Pagi buta aku sudah bangun seperti biasa, memulai hari dengan dua rakaat sholat kemudian mengerjakan pekerjaan rumah tangga.
Jangan tanya soal asisten rumah tangga, karena meski kami bisa disebut orang berpunya, ibu sama sekali tidak berniat menggunakannya.
"Kan ada kamu, ngapain bayar pembantu?" ucapnya kala kutanyai tempo lalu.
Akupun tak keberatan, toh pekerjaan rumah adalah tugas penghuni rumah. Setelah selesai memasukan pakaianku kedalam mesin cuci, aku menuju kamar ibu untuk mengambil pakaian kotornya. Namun, tangan yang semula berniat mengetuk pintu terhenti saat kudengar suara isak tangis dari dalam kamar.
Kurapatkan telinga pada daun pintu, hingga akhirnya aku yakin jika ibu sedang menangis. Ingin kubuka pintu segera, hingga suara disela isak tangisnya terdengar.
"Sampai kapan aku harus hidup dengan luka yang kamu berikan Mas?"
Tangisan ibu semakin menjadi, namun yang bisa kulakukan hanya menunggu ditempat hingga tangisannya reda. Aku tak tahu apa yang ibu maksud, tapi aku yakin ibu butuh waktu untuk meluapkan perasaannya saat ini.
"Sampai kapan aku harus hidup dengan anak dari selingkuhanmu itu? Kenapa kamu malah memilih pergi bersamanya dibanding membawaku bersamamu Mas?"
Aku cukup terkejut dengan perkataan ibu, selama 19 tahun hidupku, aku baru tau jika ayah pernah selingkuh.

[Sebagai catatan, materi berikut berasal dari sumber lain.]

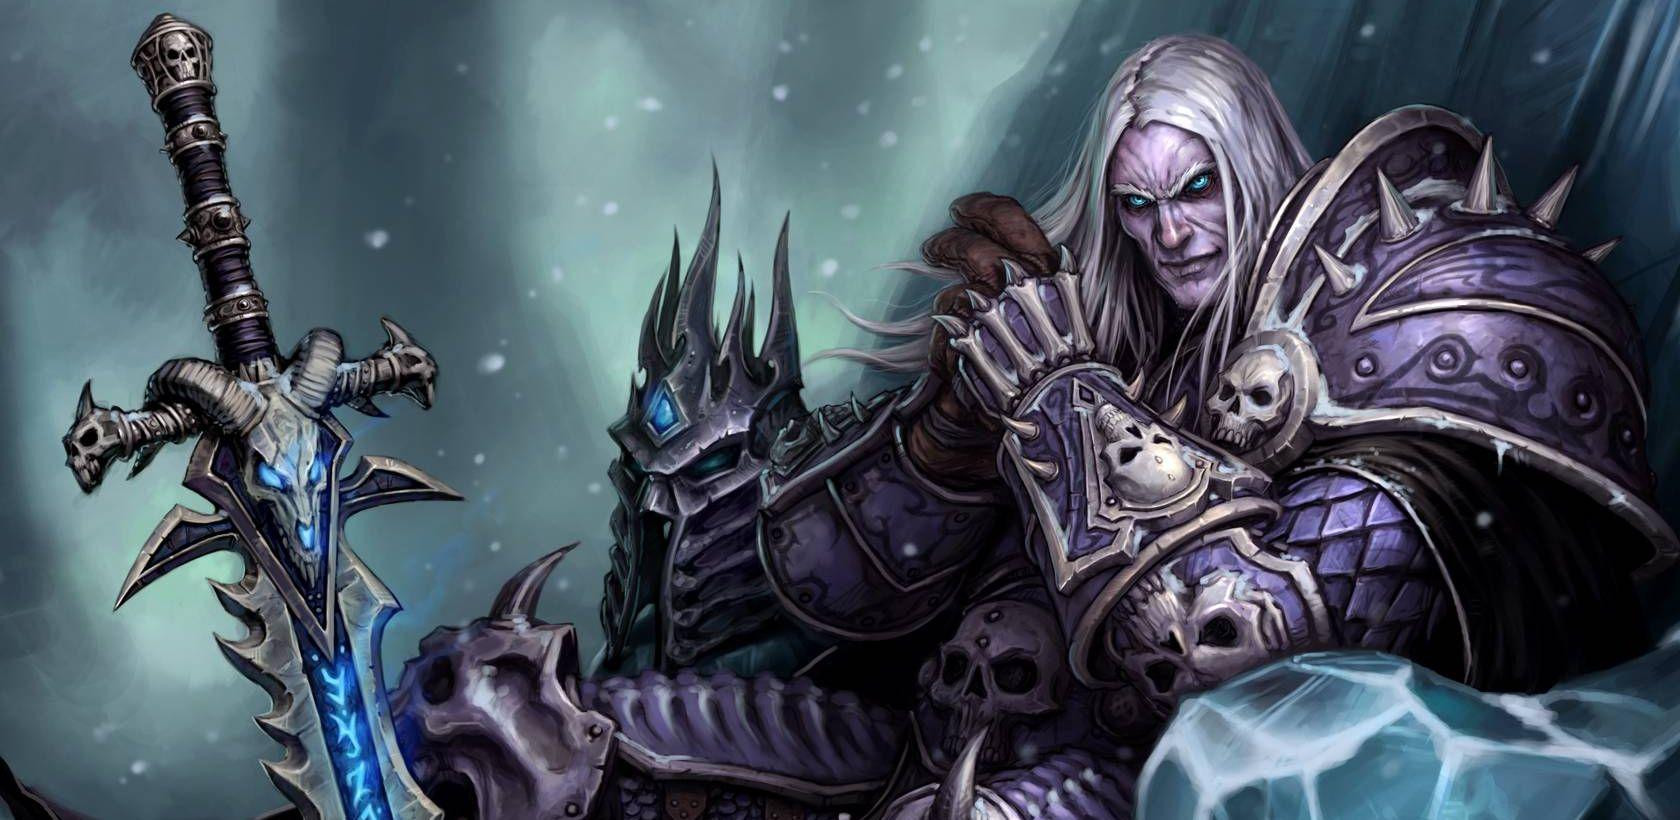 Das sind die 7 größten MMORPGs auf Twitch im Jahr 2019

Selama ini baik Mira, Mas Rian ataupun ibu sendiri tak pernah mengatakannya. Sehingga aku hampir tak mempercayai apa yang kudengar.
Tak mungkin bukan ibu berbohong bahkan saat sendiri?
"Apa kamu tau, betapa terlukanya aku setiap melihat wajah Khansa yang begitu mirip dengan selingkuhanmu. Apa kamu tau, seberapa besar keinginanku untuk menyusulmu setiap kali melihatnya?"
Deg!
Apa maksud ibu? Kenapa ibu menyebut namaku?.
Perkataan ibu kali ini membuat tubuhku hampir limbung jika tanganku tak sigap berpegangan pada dinding, jantungku berdetak dengan kencang mendengar kalimat barusan.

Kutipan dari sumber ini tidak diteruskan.